Another thing to note is that with every conversation after it has been setup, packet path from server to client increases by 4 hops. I simple terms, file you are downloading has being rerouted through cache servers, as they want to save it without making a separate connection to the server.

Fig.6: TTL drop from 44 to 40.

After looking at all this i had an idea. Why not to trace inside of the connection using TCP ACKs?! As with most of my great ideas someone already done that. This technique called "subliminal traceroute", first public implementation called 0trace. I used one by name intrace. This util should produce the output i was expecting from my first TCP trace. Here is one i ran on my client machine.
InTrace 1.5 -- R: Server/80 (80) L: Client/58990
Payload Size: 1 bytes, Seq: 0x6e1c3ebc, Ack: 0x63bd8df4
Status: Press ENTER                                                        

  #  [src addr]         [icmp src addr]    [pkt type]
 1.  [192.168.1.1    ]  [Server         ]  [ICMP_TIMXCEED]
 2.  [212.179.37.1   ]  [Server         ]  [ICMP_TIMXCEED]
 3.  [81.218.103.194 ]  [Server         ]  [ICMP_TIMXCEED]
 4.  [212.179.152.130]  [Server         ]  [ICMP_TIMXCEED]
 5.  [Server         ]  [  ---          ]  [TCP]

Busted.

In conclusion

What we have here is a very sneaky caching proxy. It saves files that go through, does it by eavesdropping on http connections and disrupts communication when it wants to serve the file directly. I didn't test the caching mechanism, but in theory it may disrupt sensitive to caching services. If you experienced problems like that try using another port https for example.

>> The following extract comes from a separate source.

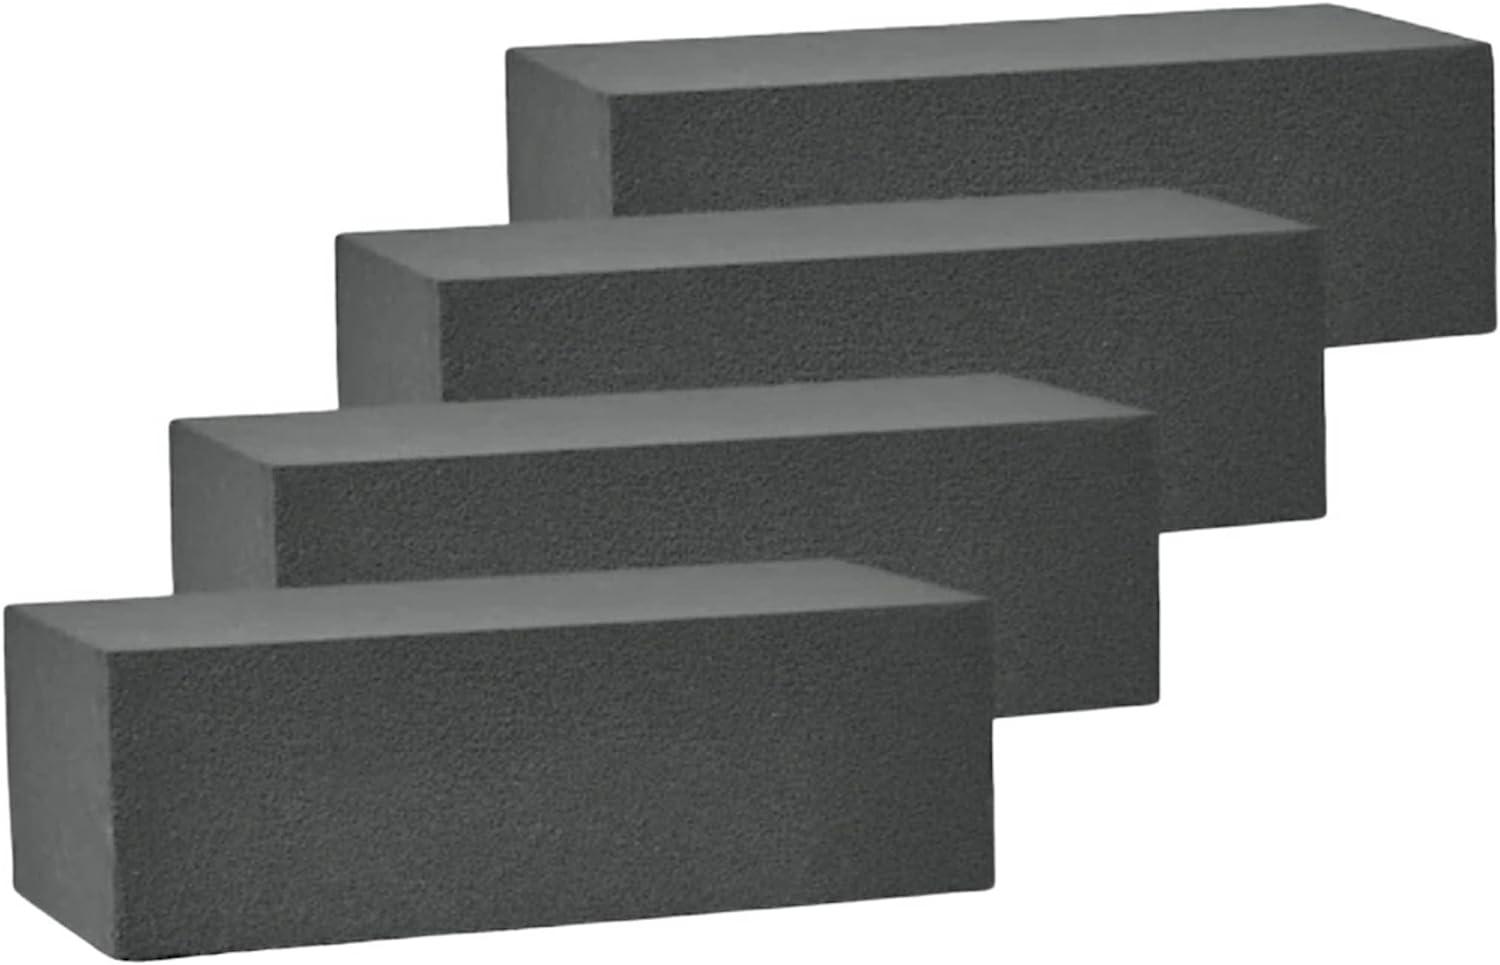 A foam bricks measuring 110 mm × 45 mm × 40 mm

BezeqInt support representatives refused to acknowledge forcing this proxy on me. All BezeqInt lines I've checked go through this proxy. I think this eavesdropping on communications is a violation of privacy. It might even be illegal, i'm not sure, i'm not a lawyer. I know many buy these lines. They might want to reconsider knowing that file you just downloaded might have been saved for later use by your ISP.

PS: By the way, BezeqInt is not the only ISP in town who does this.